:: Problem requirements ::
The material below is to be copied exactly from the line with "Social Market Powerpoint Presentation" up to and including the line with "1 Cochran Monroeville", with nothing else kept and no pictures.

+++ Data shown

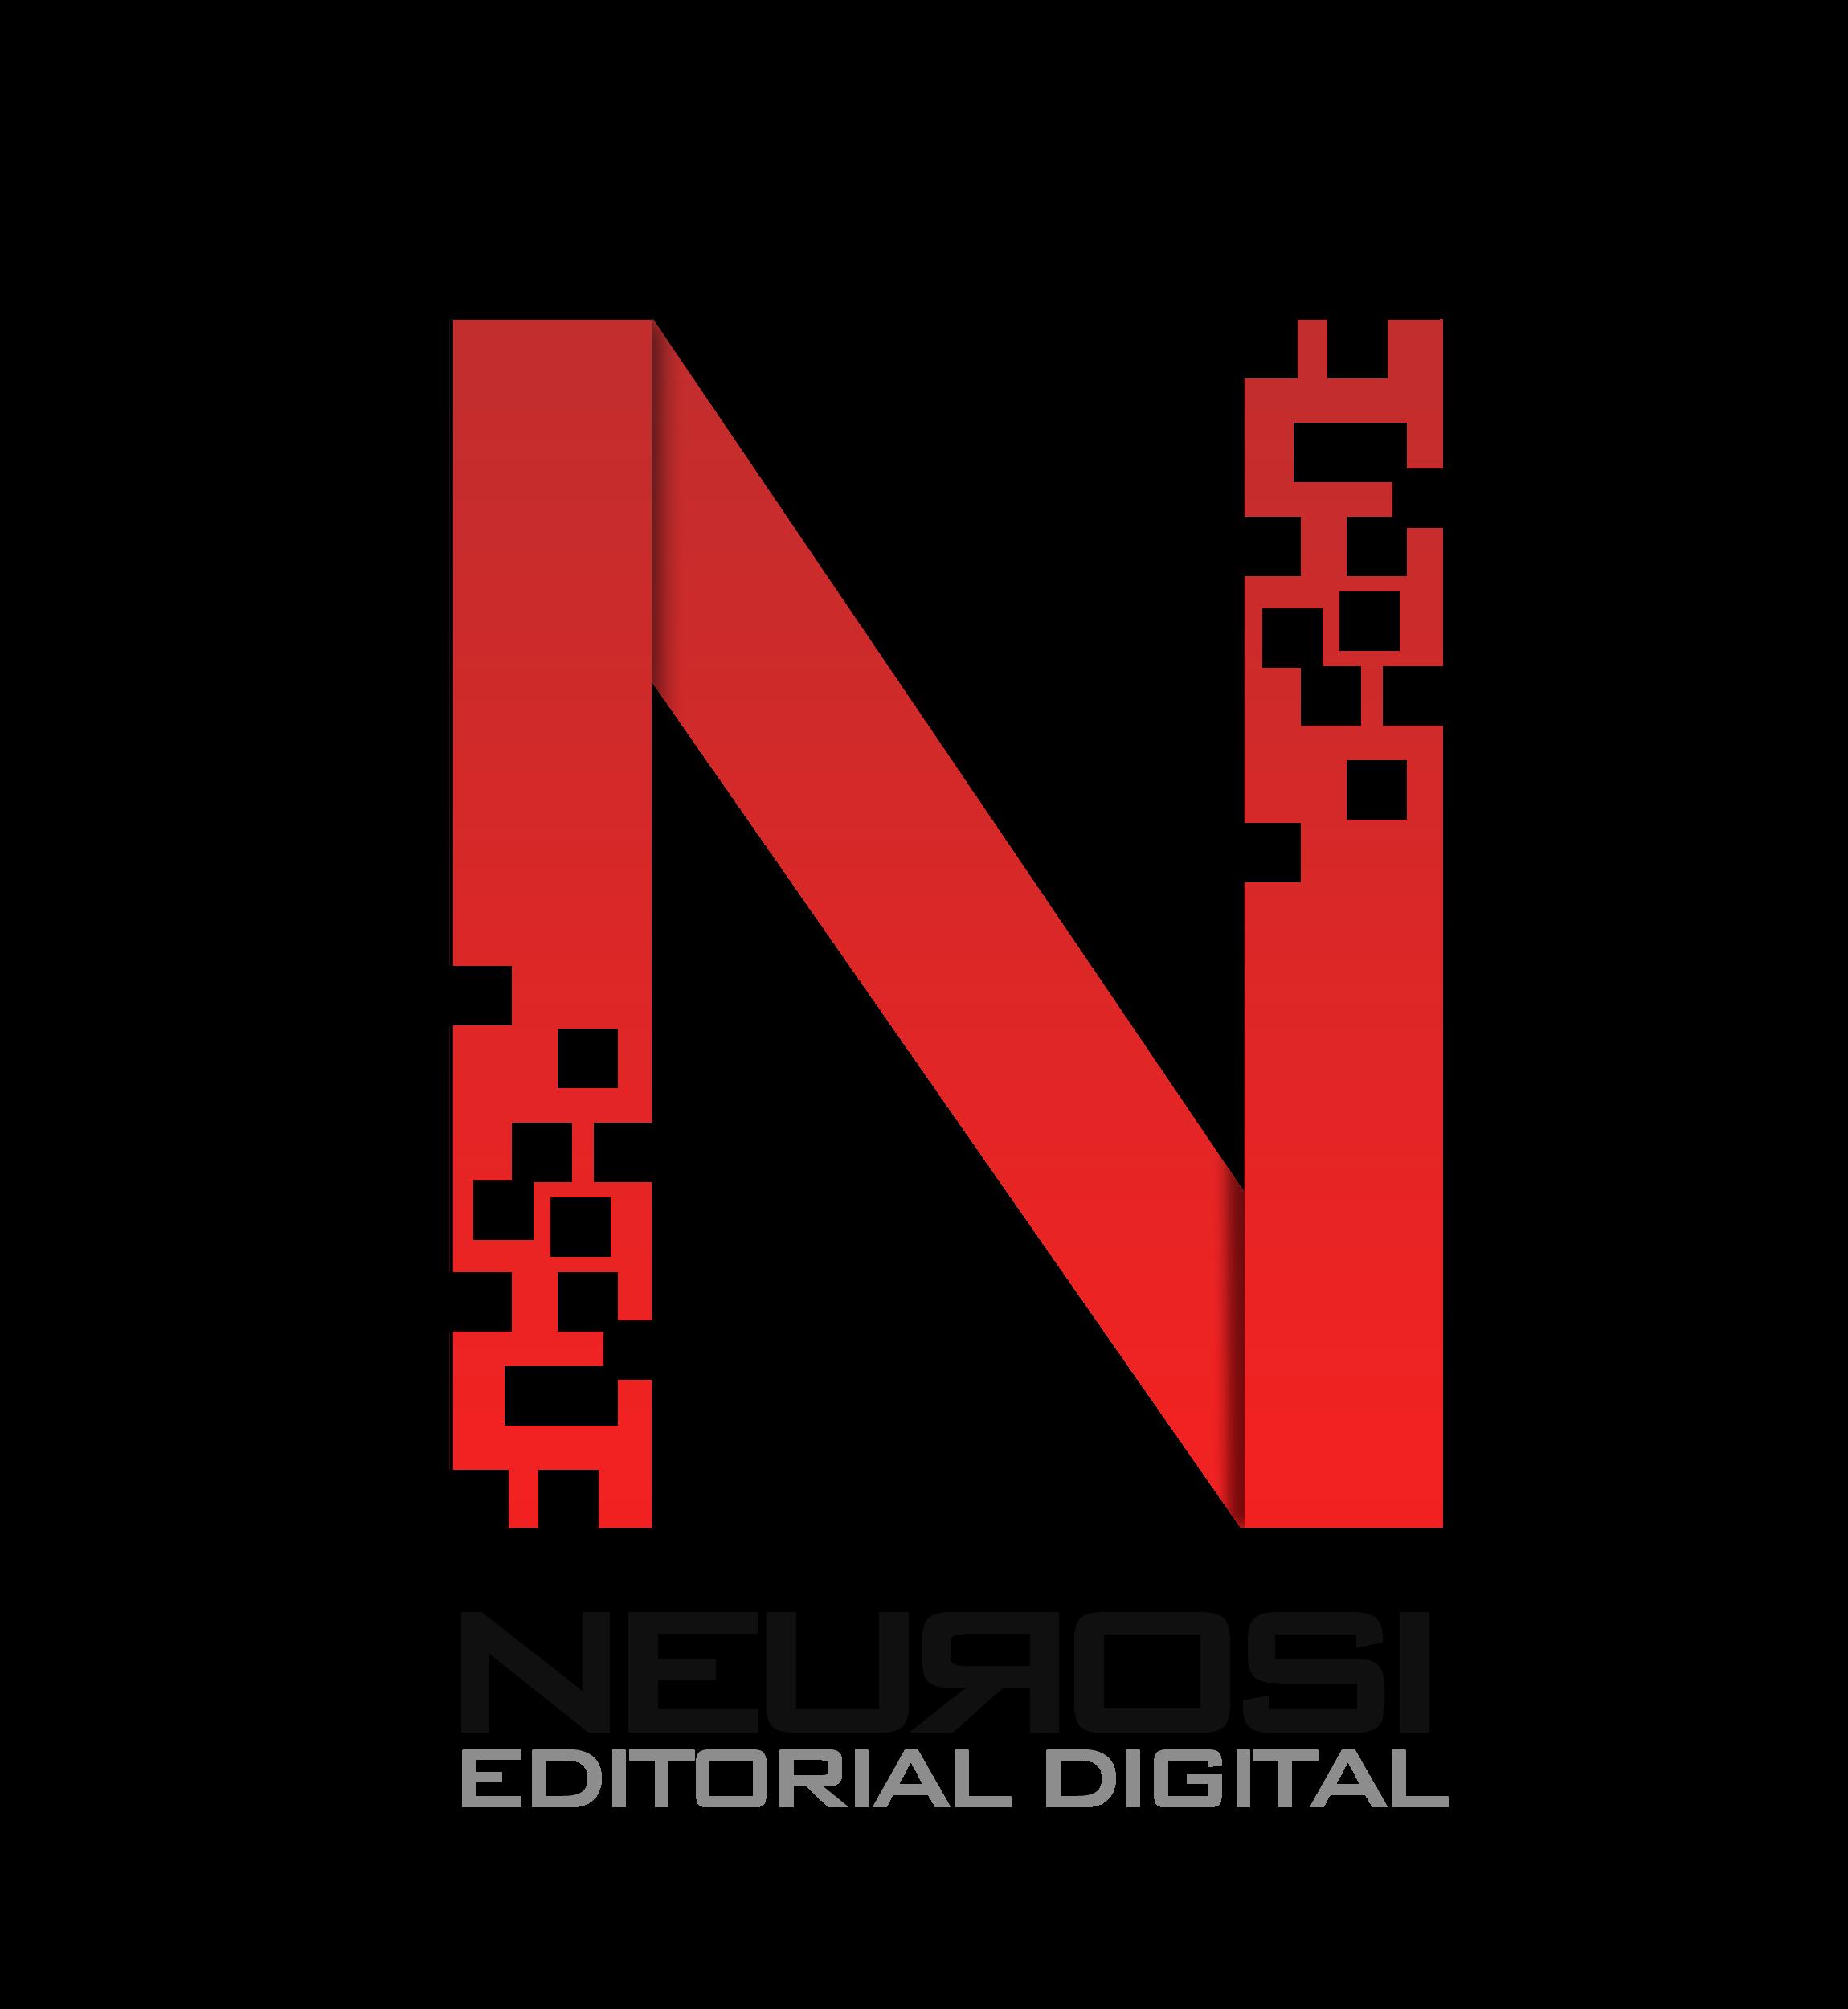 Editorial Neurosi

++++++
+++ Data shown

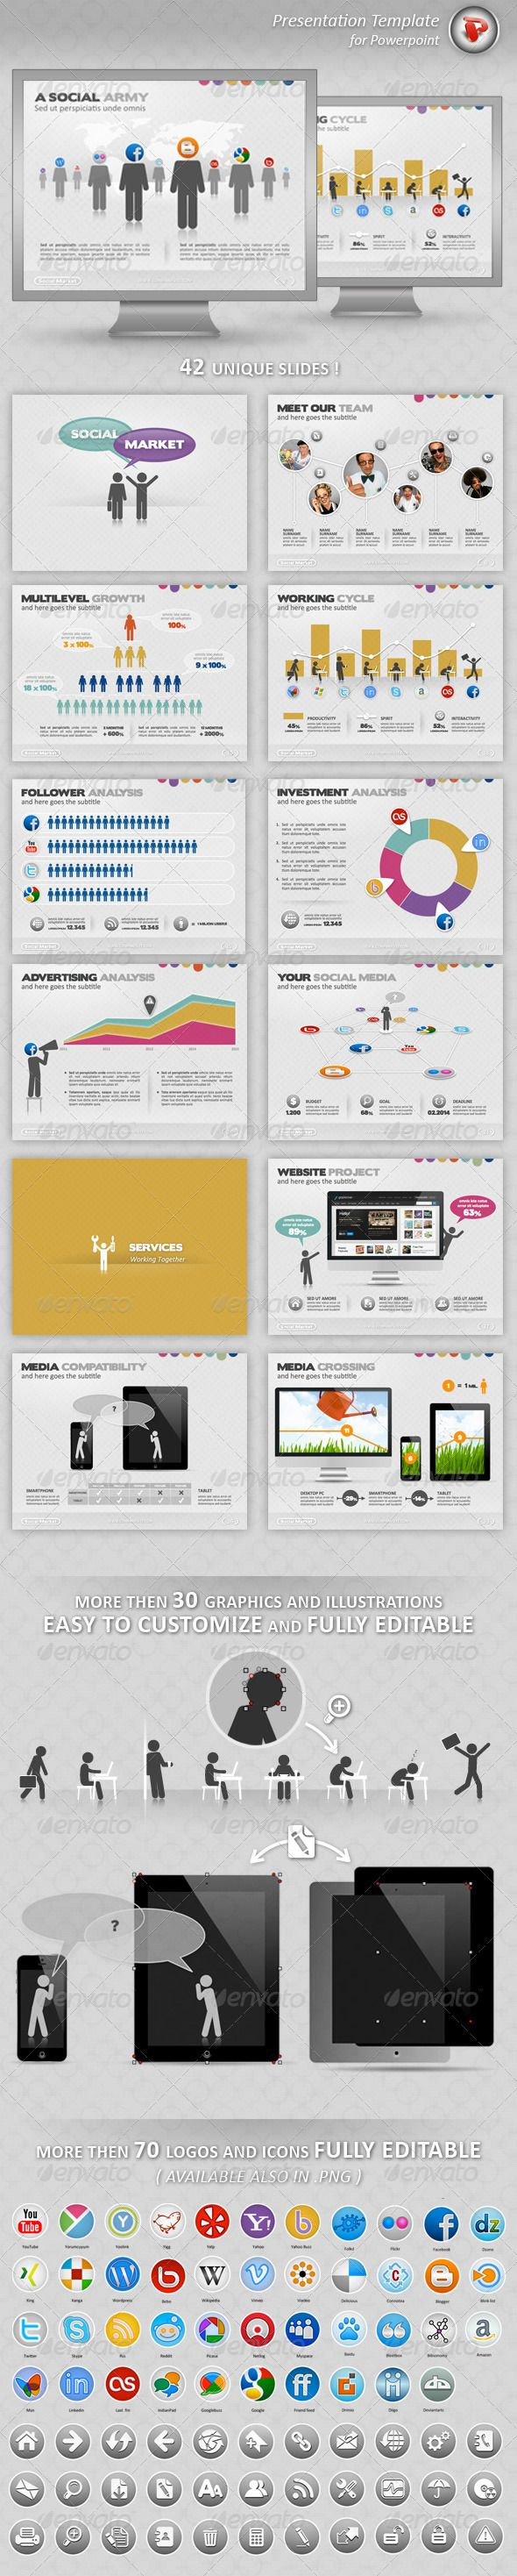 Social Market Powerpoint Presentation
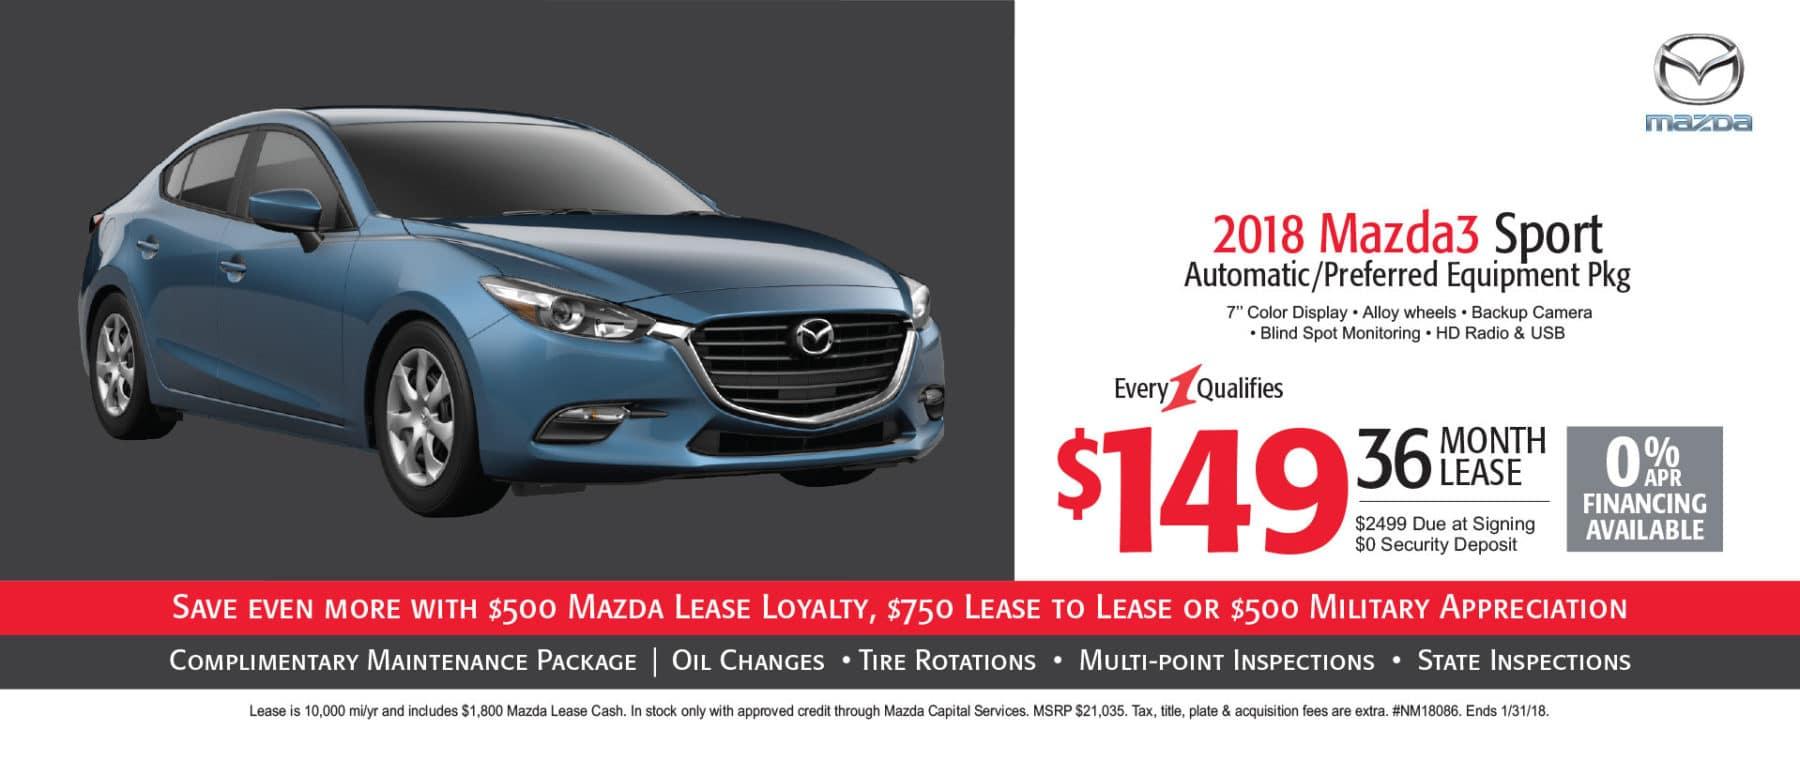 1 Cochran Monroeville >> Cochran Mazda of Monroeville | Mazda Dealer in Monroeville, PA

++++++

:: Written solution ::
 Social Market Powerpoint Presentation
 1 Cochran Monroeville >> Cochran Mazda of Monroeville | Mazda Dealer in Monroeville, PA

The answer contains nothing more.